For GLUT1 in the human erythrocyte membrane, the Km for glucose transport is 1.5 mM. Thus when the extracellular glucose concentration is 1.5 mM, roughly half the GLUT1 transporters with outward-facing binding sites will have a bound glucose, and transport will occur at 50 percent of the maximal rate. Blood glucose is normally 5 mM, so the erythrocyte glucose transporter is usually functioning at 77 percent of its maximal rate, as can be seen from Equation 11-1. The GLUT1 transporter (or the very similar GLUT3 glucose transporter) is expressed by all body cells that need to take up glucose from the blood continuously at high rates. The rate of glucose uptake by such cells remains high regardless of small changes in the concentration of blood glucose because the blood concentration remains much higher than the Km and the intracellular glucose concentration is kept low by metabolism.
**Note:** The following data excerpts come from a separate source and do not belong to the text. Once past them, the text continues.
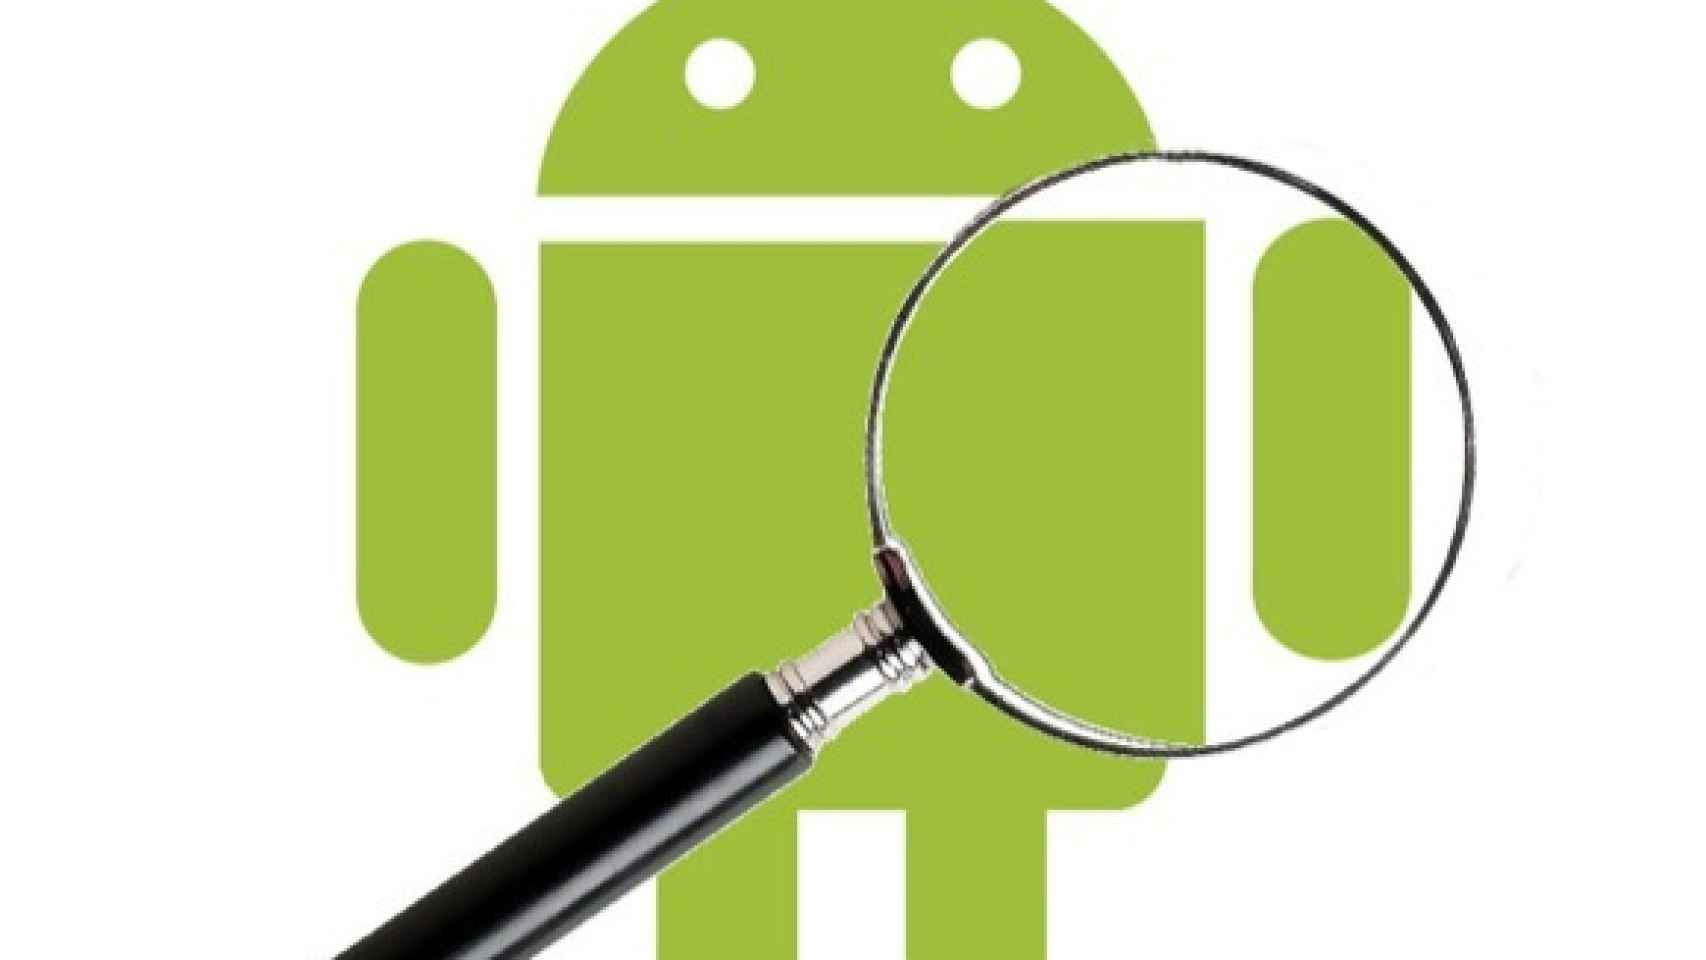 Privacidad en Android: ¿Nos siguen y registran o es alarmismo?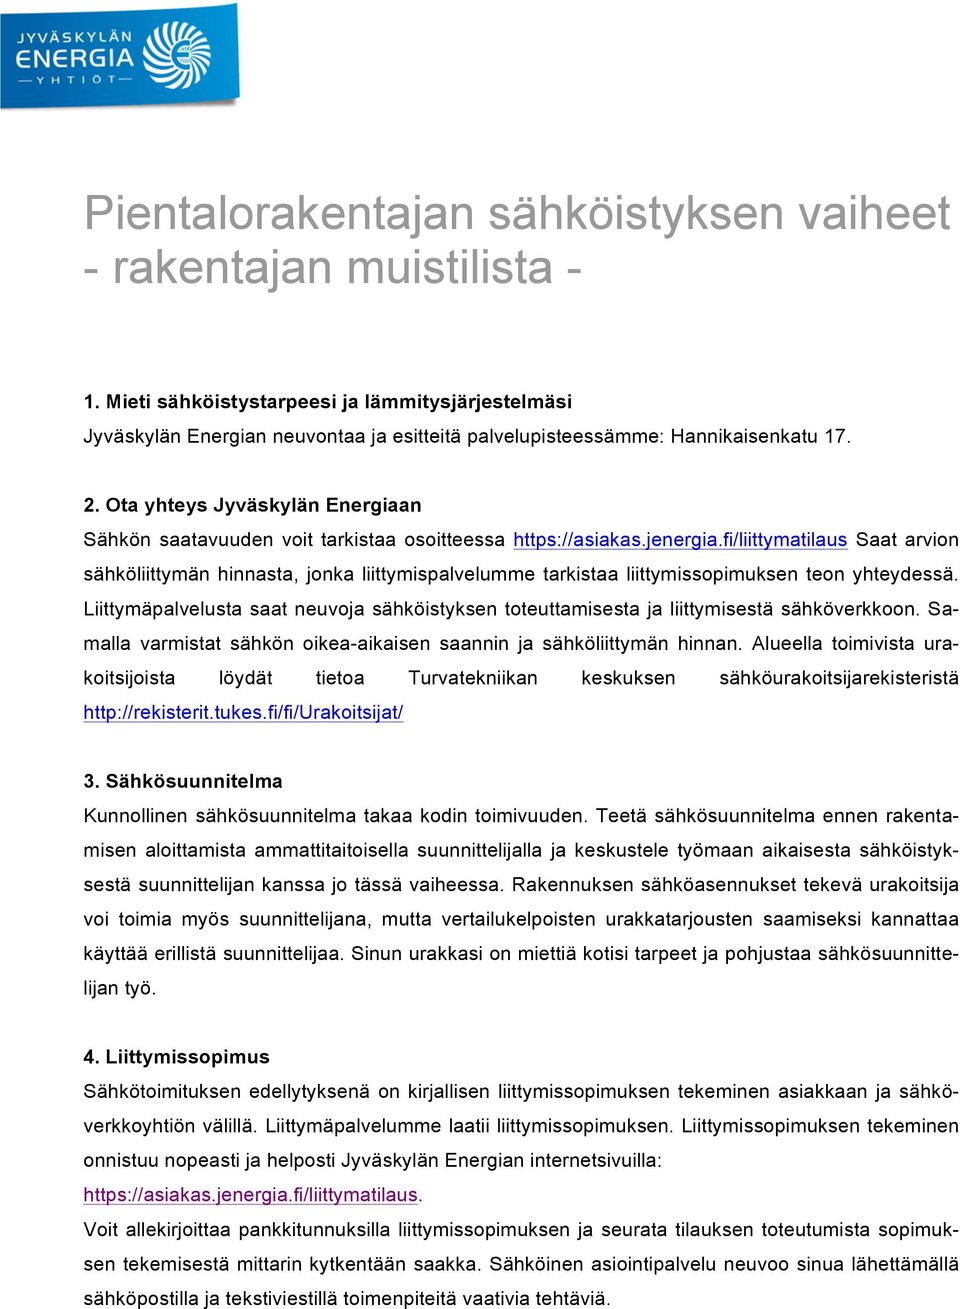 Ota yhteys Jyväskylän Energiaan Sähkön saatavuuden voit tarkistaa osoitteessa https://asiakas.jenergia.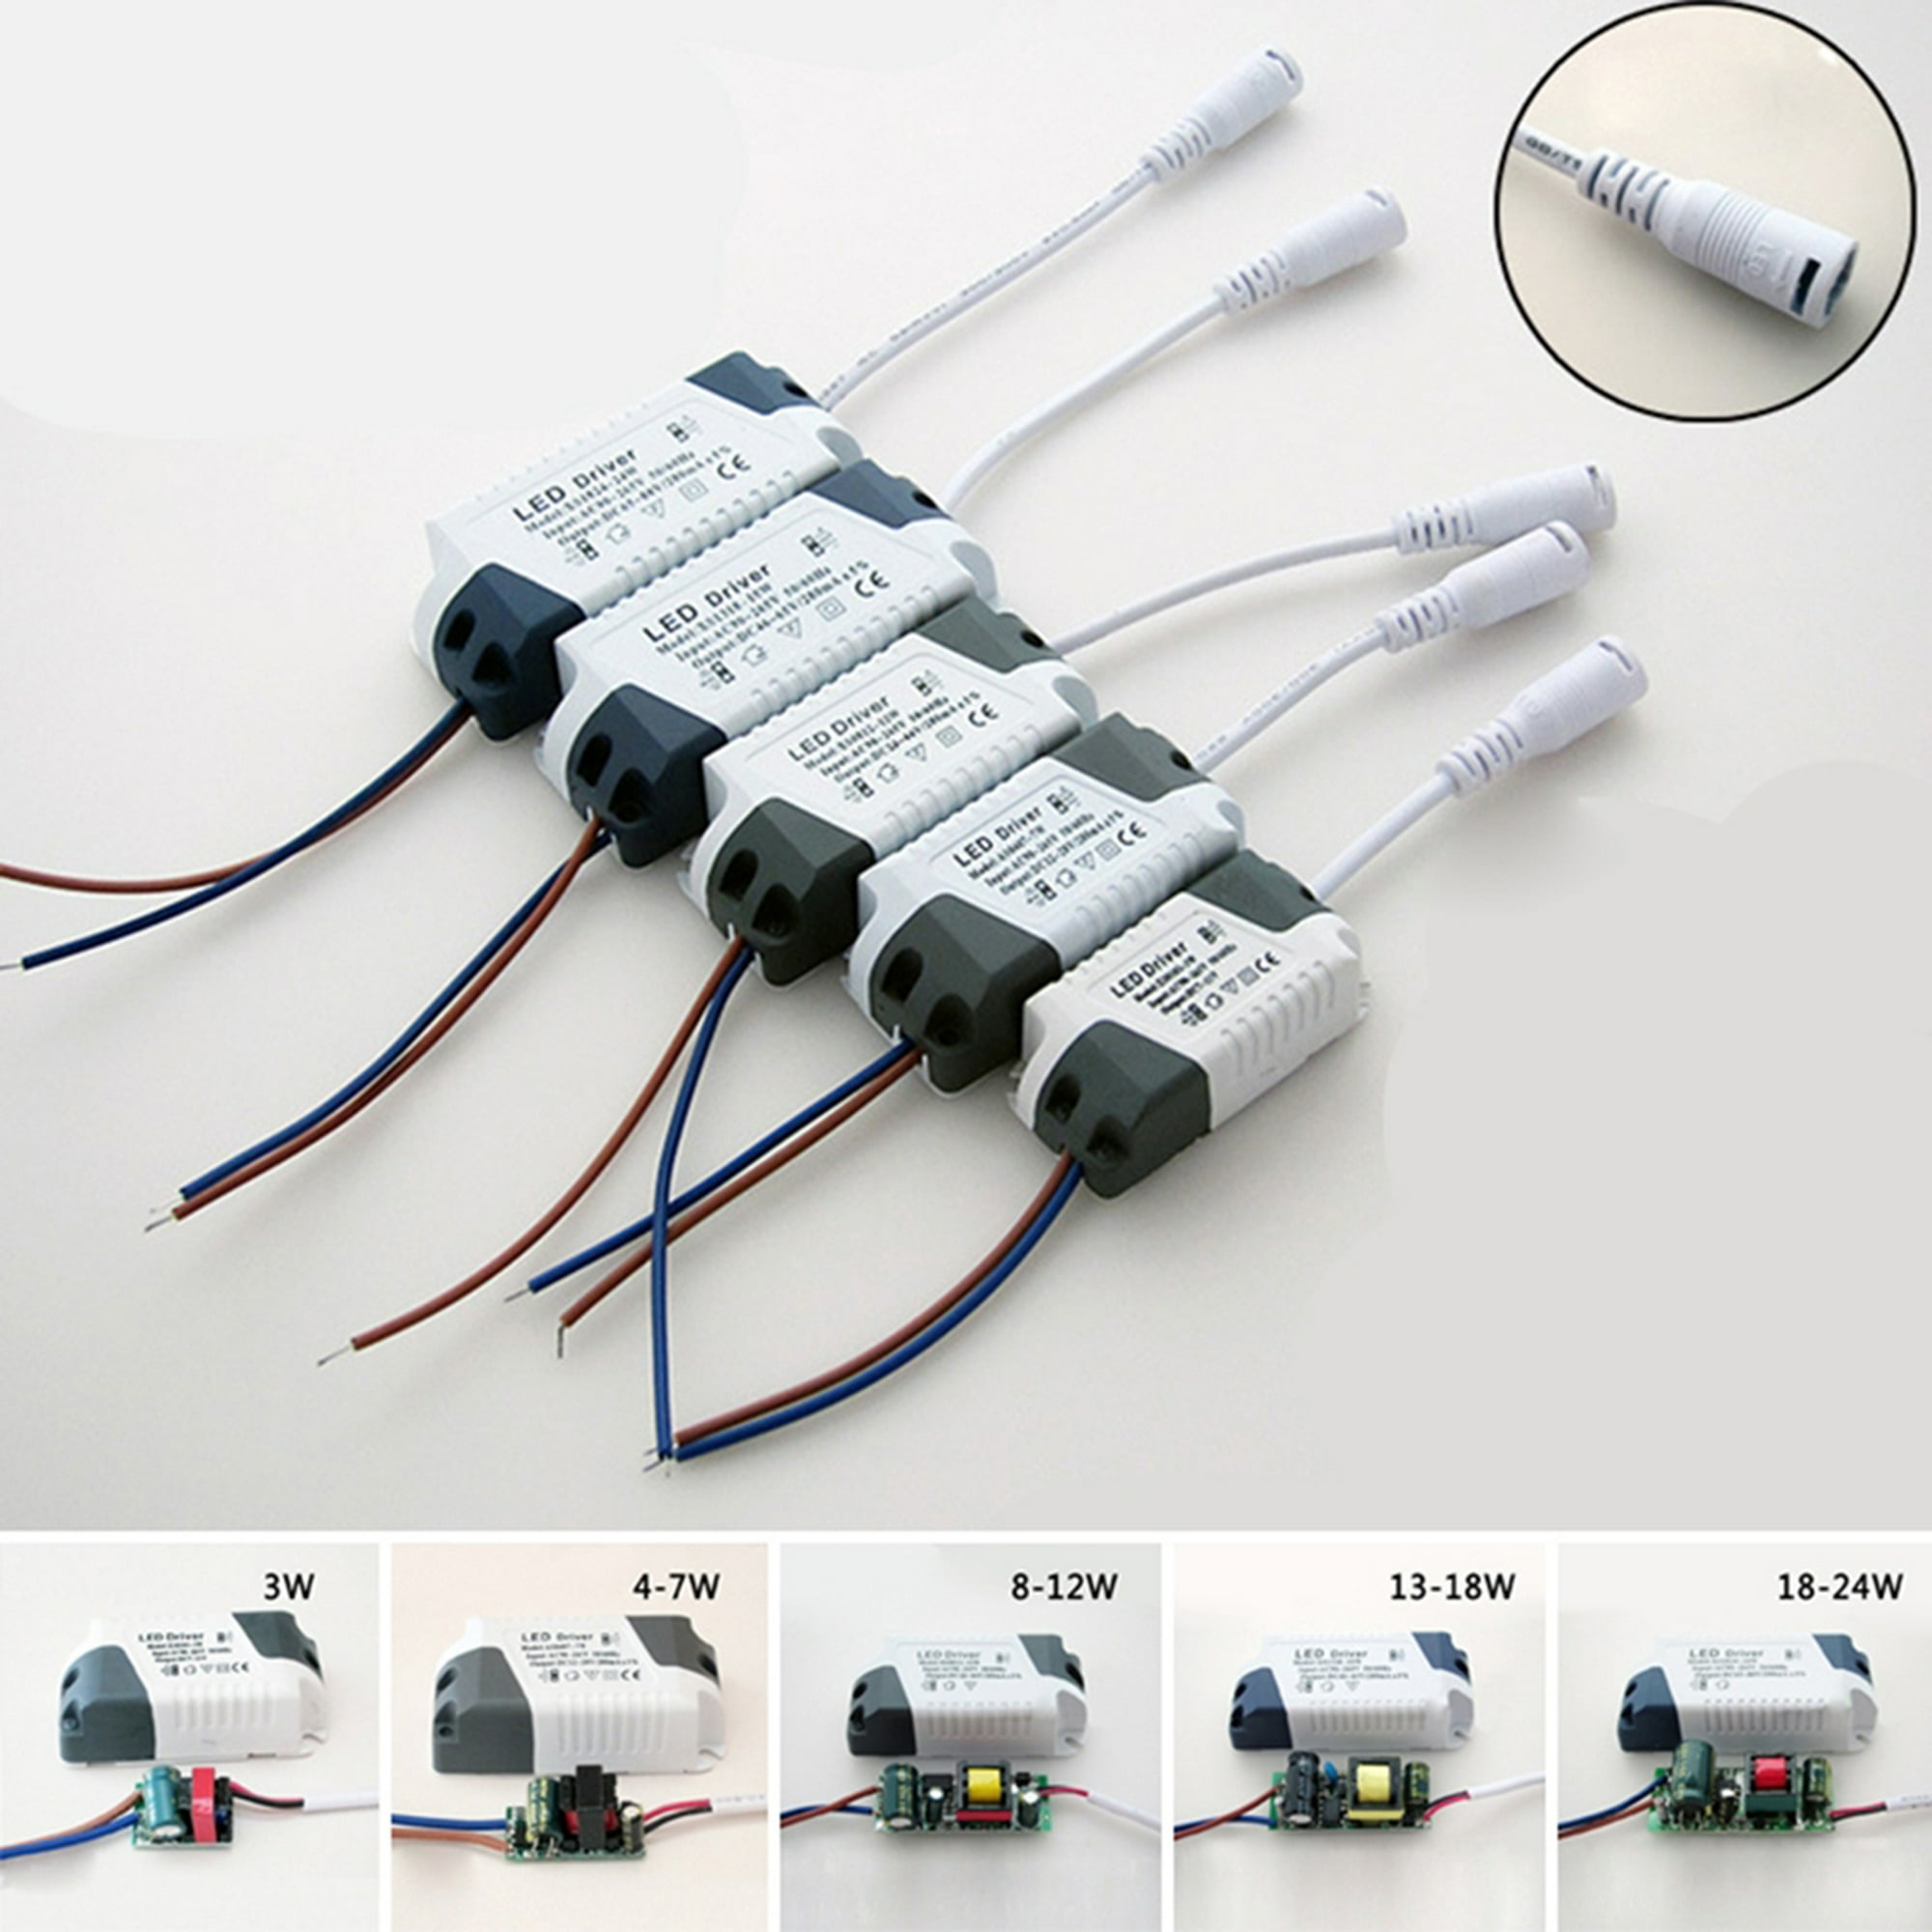 Controladores Driver para Led - Fácil Electro Electrónica

In addition to glucose, the isomeric sugars D-mannose and D-galactose, which differ from D-glucose in their configuration at only one carbon atom, are transported by GLUT1 at measurable rates. However, the Km for glucose (1.5 mM) is much lower than it is for D-mannose (20 mM) or D-galactose (30 mM). Thus GLUT1 is quite specific, having a much higher affinity (indicated by a lower Km) for its normal substrate D-glucose than for other substrates.

GLUT1 accounts for 2 percent of the protein in the plasma membrane of erythrocytes. After glucose is transported into the erythrocyte, it is rapidly phosphorylated, forming glucose-6-phosphate, which cannot leave the cell. Because this reaction, the first step in the metabolism of glucose (see Figure 12-3), is rapid and occurs at a constant rate, the intracellular concentration of glucose is kept low even when glucose is imported from the extracellular environment. Consequently, the concentration gradient of glucose (outside greater than inside the cell) is kept sufficiently high to support continuous, rapid import of additional glucose molecules and provide sufficient glucose for cellular metabolism.